Deserts are supposed to be hot. The Turan deserts freeze — hard, for months — then bake past forty in summer, and everything that lives in them has solved both problems at once. In 2023 UNESCO inscribed the Cold Winter Deserts of Turan across Kazakhstan, Turkmenistan and Uzbekistan: the first listing dedicated to this doubly extreme world.
The property strings more than a dozen protected areas across the Turan lowland, from the Aral Sea’s ghost shores to the sand seas of the Karakum and Kyzylkum. Our route takes three stops, one per country — Barsa-Kelmes in Kazakhstan, Repetek in Turkmenistan, and Uzbekistan’s Kyzylkum — a transect through a biome most travellers cross by night train without knowing it has a name.

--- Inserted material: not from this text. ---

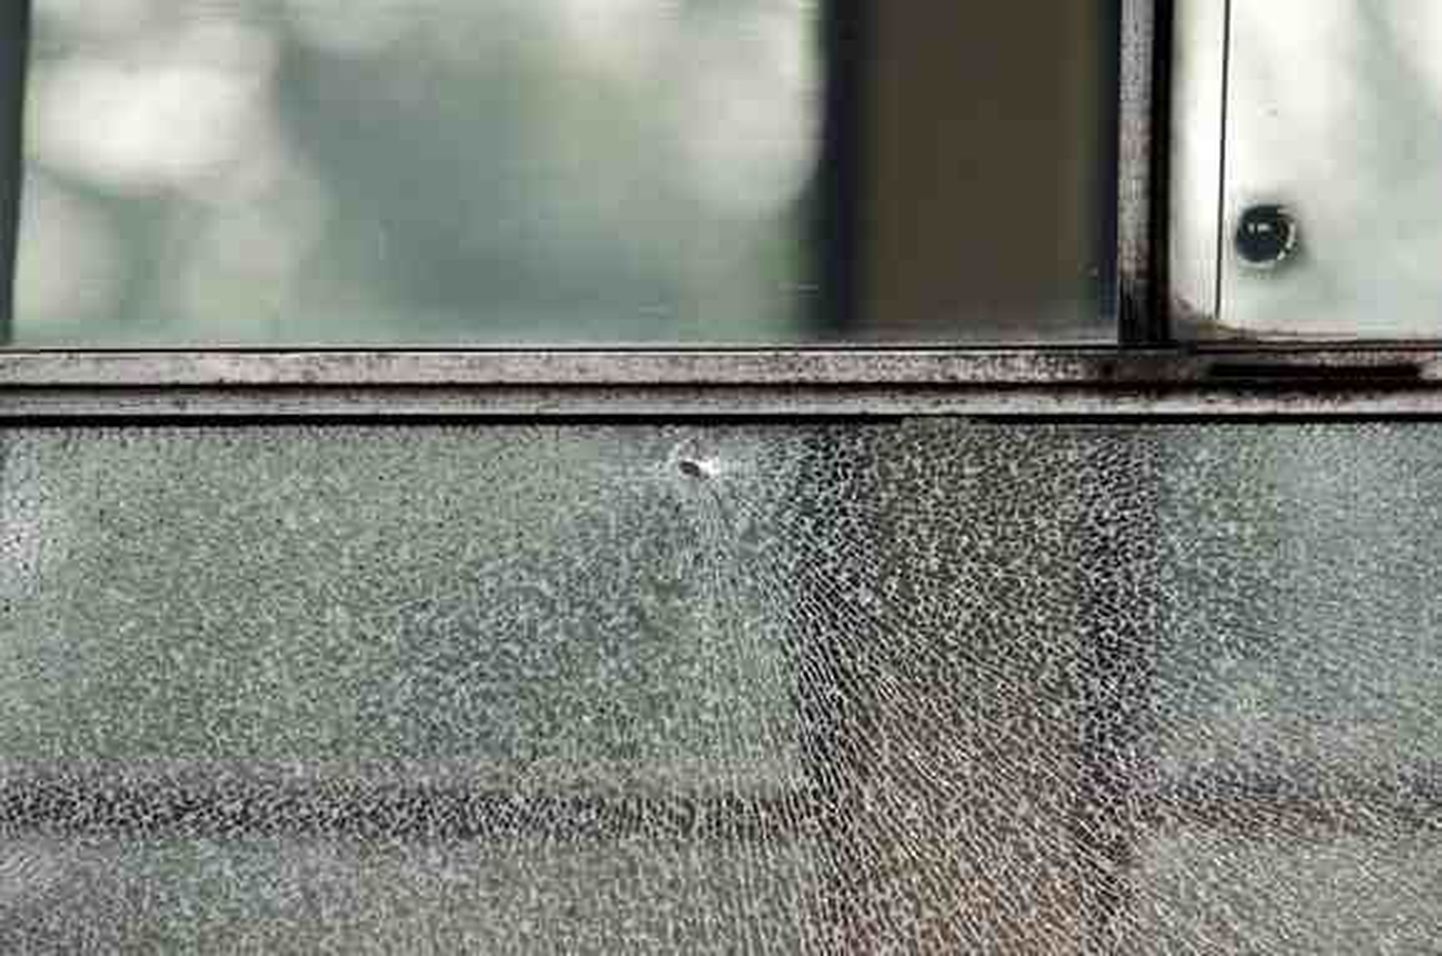 Попаданием пули из пневматического оружия разбито окно трамвая.
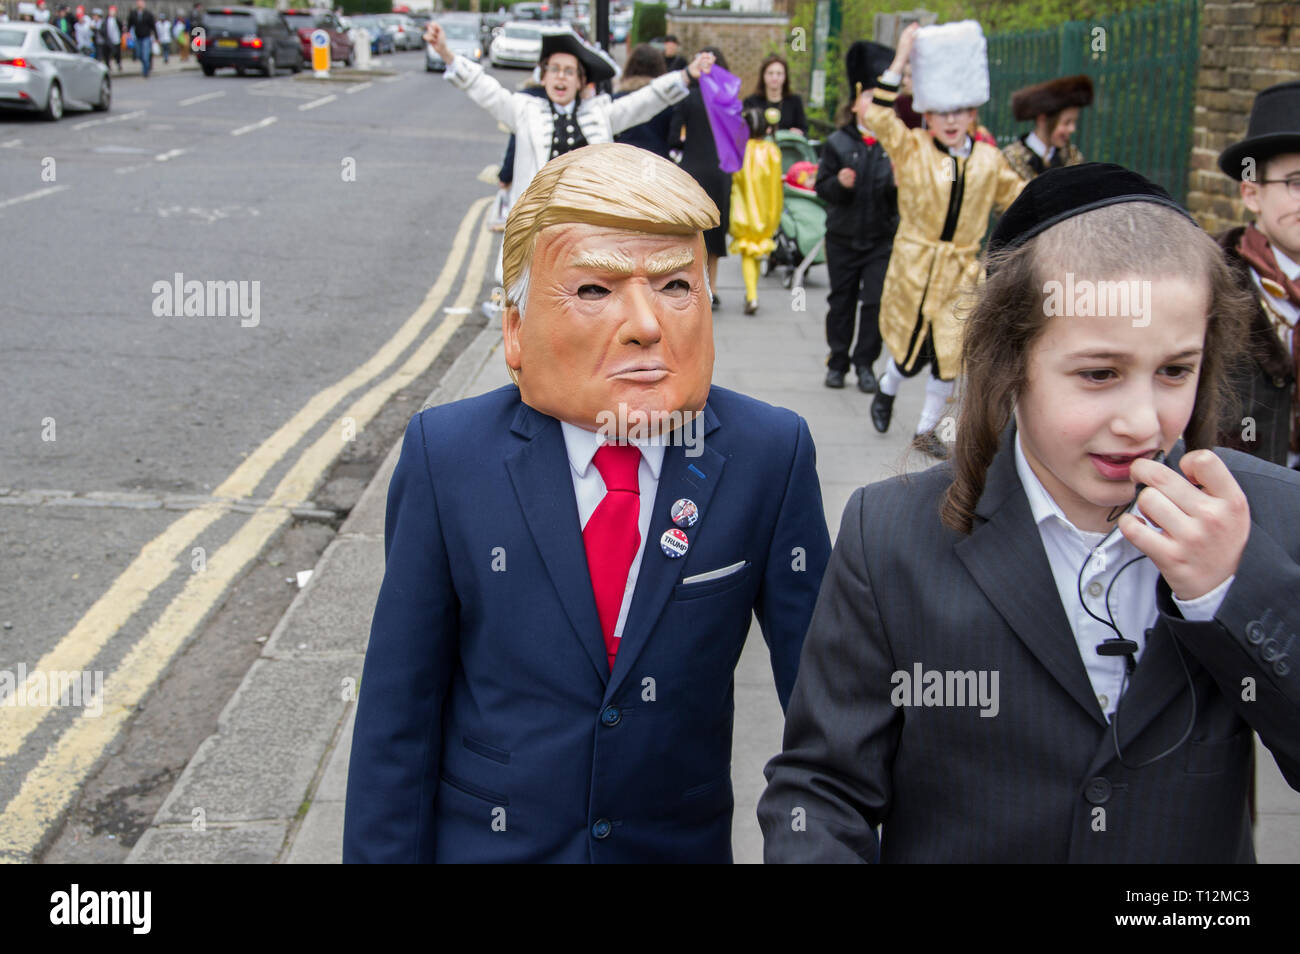 Junge Marching in Donald Trump Maske und Anzug Jacke für den Jüdischen Feiertag Purim in Stamford Hill, London, 21. März 2019, Stockfoto

What “cold winter desert” means
Continental position does it: too far from any ocean to be moderated, the Turan basins swing between Siberian winters and Iranian summers. Plants here endure frozen sand and drought in the same year — the saxaul tree, the biome’s keystone, does both while stabilising the dunes its forests grow on. The animal cast is correspondingly unusual: goitered gazelle, the resurrected kulan (Asiatic wild ass), monitor lizards at their northern limit, and the saiga antelope whose swollen nose filters dust in summer and warms air in winter — evolution’s answer to the same double problem.
Barsa-Kelmes: the island that stopped being one
Kazakhstan’s Barsa-Kelmes — the name translates, encouragingly, as “go and you won’t return” — was an island in the Aral Sea until the sea withdrew around it; the nature reserve, one of Central Asia’s oldest, now rises as a plateau from the dried seabed. It preserved kulan and saiga through the twentieth century precisely because it was unreachable, and its new surroundings — the Aralkum, the desert that used to be a sea — make it the starkest environmental parable on any World Heritage list.
Repetek: the sand laboratory
In Turkmenistan’s eastern Karakum, the Repetek reserve has been studying sand since 1927 — one of the oldest desert research stations anywhere. Its black saxaul forests are the finest in the biome, and its records of dune movement, extreme temperature and desert ecology span a century. The Trans-Caspian railway passes the station: for once, a strict reserve with a platform.
Kyzylkum: the red sands
Between the Amu Darya and Syr Darya spreads the Kyzylkum, the “red sand” — one of the great deserts of the world, whose protected sectors joined the 2023 listing. This is the desert Silk Road caravans actually crossed between Khiva and Bukhara, and the practical stop for most travellers: the yurt camps and lake of the Nurata foothills put saxaul steppe, dunes and desert nights within reach of the standard Uzbek circuit.
Planning the journey
Honesty about access: Barsa-Kelmes requires expedition logistics via Aralsk and reserve permission; Repetek depends on Turkmenistan’s visa regime, which is its own adventure; the Kyzylkum is the accessible third — yurt stays between Samarkand and Khiva can be booked from any Uzbek operator. Seasons are non-negotiable: April–May for flowering steppe and bearable temperatures, September–October for clear cool days; summer is dangerous and midwinter brutal, which is, after all, the listing’s entire point. Combine the Kyzylkum stop with our Zarafshan–Karakum Silk Road route — the desert is the road’s other half.
The saxaul economy
One tree runs this biome, and it deserves its close-up. Saxaul — black along the water tables, white on the open dunes — grows twisted, slow and iron-dense; its wood sinks in water and burns hot enough that caravans and railways stripped whole forests of it for fuel across the nineteenth and twentieth centuries. Its living value is greater: the roots bind moving sand, the canopy shelters seedlings of everything else, and the groves function as the desert’s oases-without-water, concentrating birds, gazelles and shade. Modern restoration programs across all three countries now plant saxaul by the million, including on the dried Aral seabed, where the belts are the main defence against the salt-dust storms the vanished sea exports.
The herding cultures of the Turan lowland built their seasonal rounds on the same plant — winter camps in the saxaul’s windbreak, camels browsing its shoots — and the listing’s cultural undertone is their mobility: the desert was never empty, only lightly and expertly inhabited. Learn to recognise the tree from the train window between Bukhara and Khiva and the “wasteland” outside resolves into infrastructure. That change of eye is, in miniature, what the 2023 inscription asks of everyone.